Department of Pathology, Johns Hopkins Medical Institutions, Baltimore, MD, USA.
J Biomed Sci. 2011 Mar 8;18(1):21. doi: 10.1186/1423-0127-18-21.
Antigen-specific immunotherapy using DNA vaccines has emerged as an attractive approach for the control of tumors. Another novel cancer therapy involves the employment of the vascular disrupting agent, 5,6-dimethylxanthenone-4-acetic acid (DMXAA). In the current study, we aimed to test the combination of DMXAA treatment with human papillomavirus type 16 (HPV-16) E7 DNA vaccination to enhance the antitumor effects and E7-specific CD8+ T cell immune responses in treated mice. We determined that treatment with DMXAA generates significant therapeutic effects against TC-1 tumors but does not enhance the antigen-specific immune responses in tumor bearing mice. We then found that combination of DMXAA treatment with E7 DNA vaccination generates potent antitumor effects and E7-specific CD8+ T cell immune responses in the splenocytes of tumor bearing mice. Furthermore, the DMXAA-mediated enhancement or suppression of E7-specific CD8+ T cell immune responses generated by CRT/E7 DNA vaccination was found to be dependent on the time of administration of DMXAA and was also applicable to other antigen-specific vaccines. In addition, we determined that inducible nitric oxide synthase (iNOS) plays a role in the immune suppression caused by DMXAA administration before DNA vaccination. Our study has significant implications for future clinical translation.

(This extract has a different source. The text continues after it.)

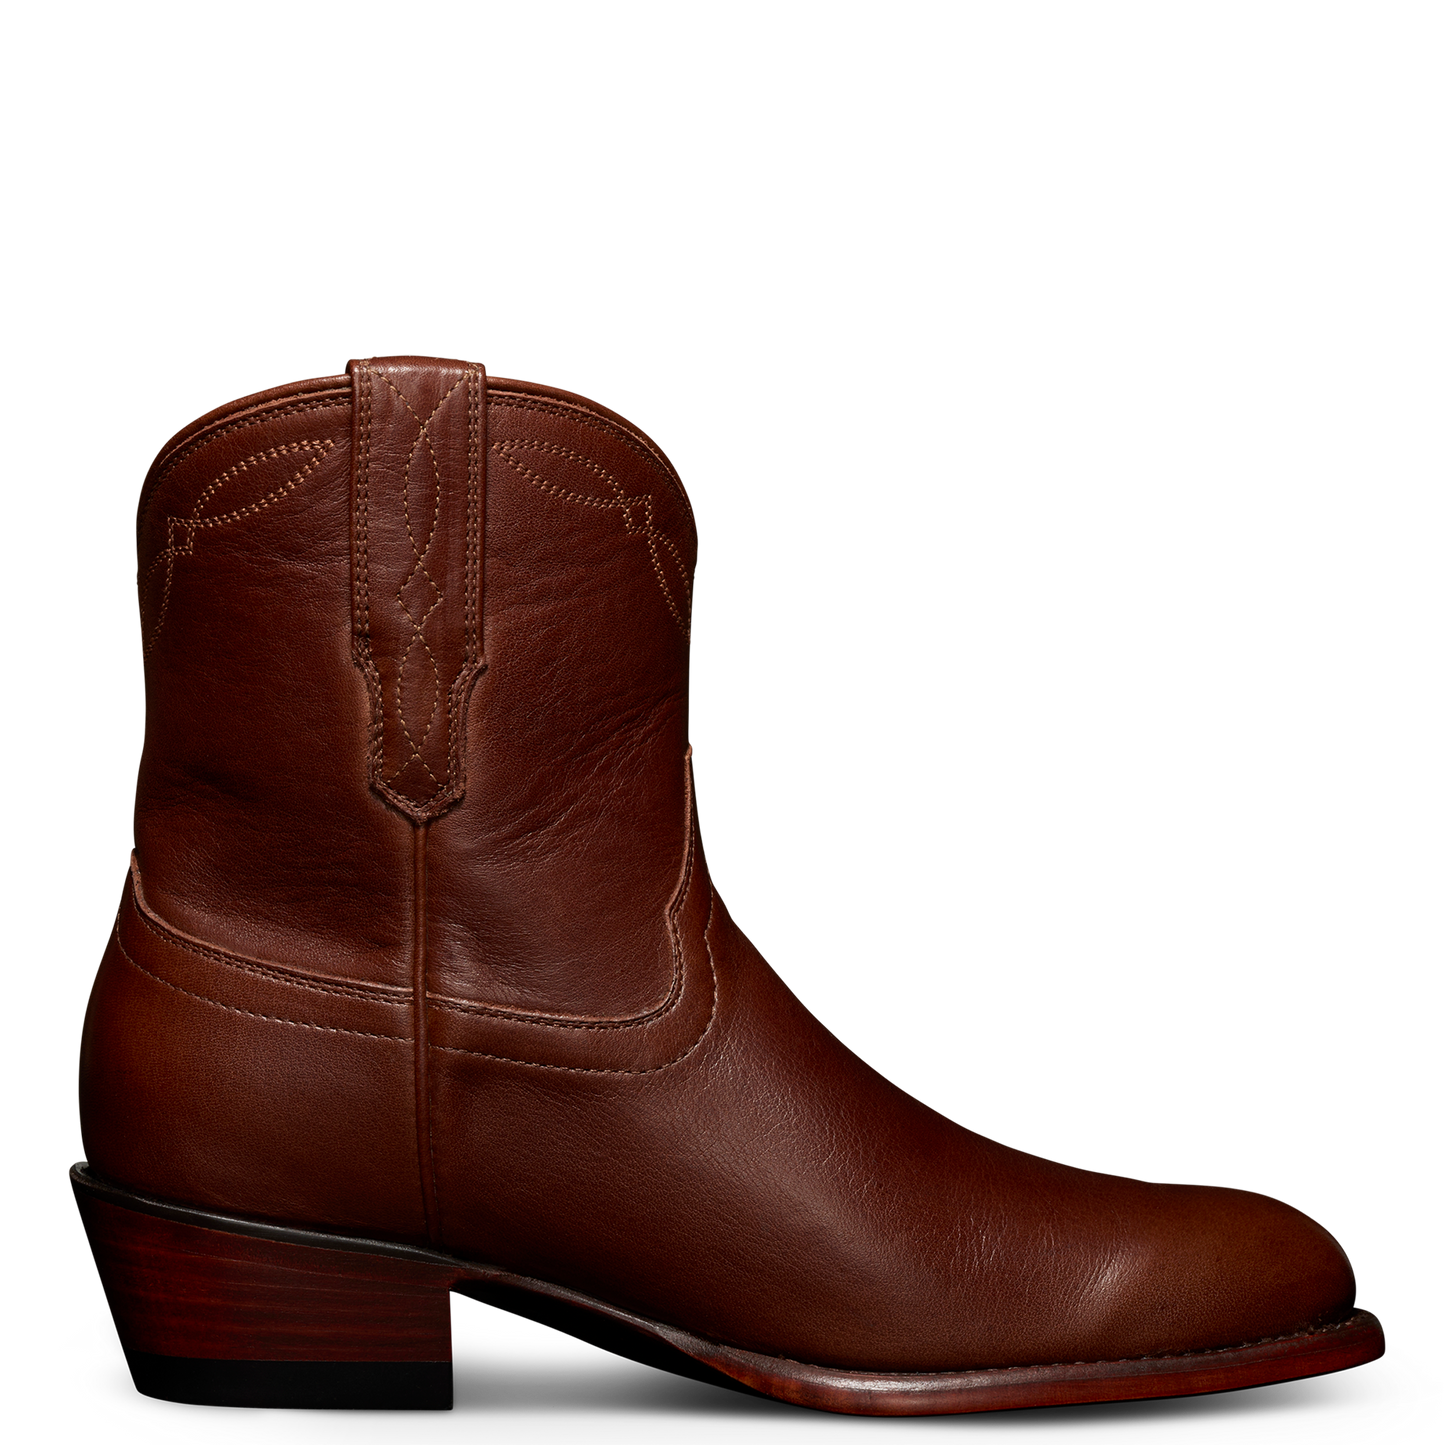 The Paige Boot - Sequoia

用 DNA 疫苗进行抗原特异性免疫治疗已成为控制肿瘤的一种有吸引力的方法。另一种新型癌症治疗方法涉及使用血管破坏剂 5,6-二甲基黄嘌呤-4-乙酸(DMXAA)。在本研究中,我们旨在测试 DMXAA 治疗与人乳头瘤病毒 16(HPV-16)E7 DNA 疫苗接种的联合应用,以增强治疗小鼠的抗肿瘤作用和 E7 特异性 CD8+T 细胞免疫反应。我们确定,DMXAA 治疗可显著对抗 TC-1 肿瘤产生治疗效果,但不能增强荷瘤小鼠的抗原特异性免疫反应。然后我们发现,DMXAA 治疗与 E7 DNA 疫苗接种联合应用可在荷瘤小鼠的脾细胞中产生强大的抗肿瘤作用和 E7 特异性 CD8+T 细胞免疫反应。此外,发现 DMXAA 介导的 CRT/E7 DNA 疫苗接种产生的 E7 特异性 CD8+T 细胞免疫反应的增强或抑制取决于 DMXAA 给药的时间,并且也适用于其他抗原特异性疫苗。此外,我们确定诱导型一氧化氮合酶(iNOS)在 DNA 疫苗接种前 DMXAA 给药引起的免疫抑制中起作用。我们的研究对未来的临床转化具有重要意义。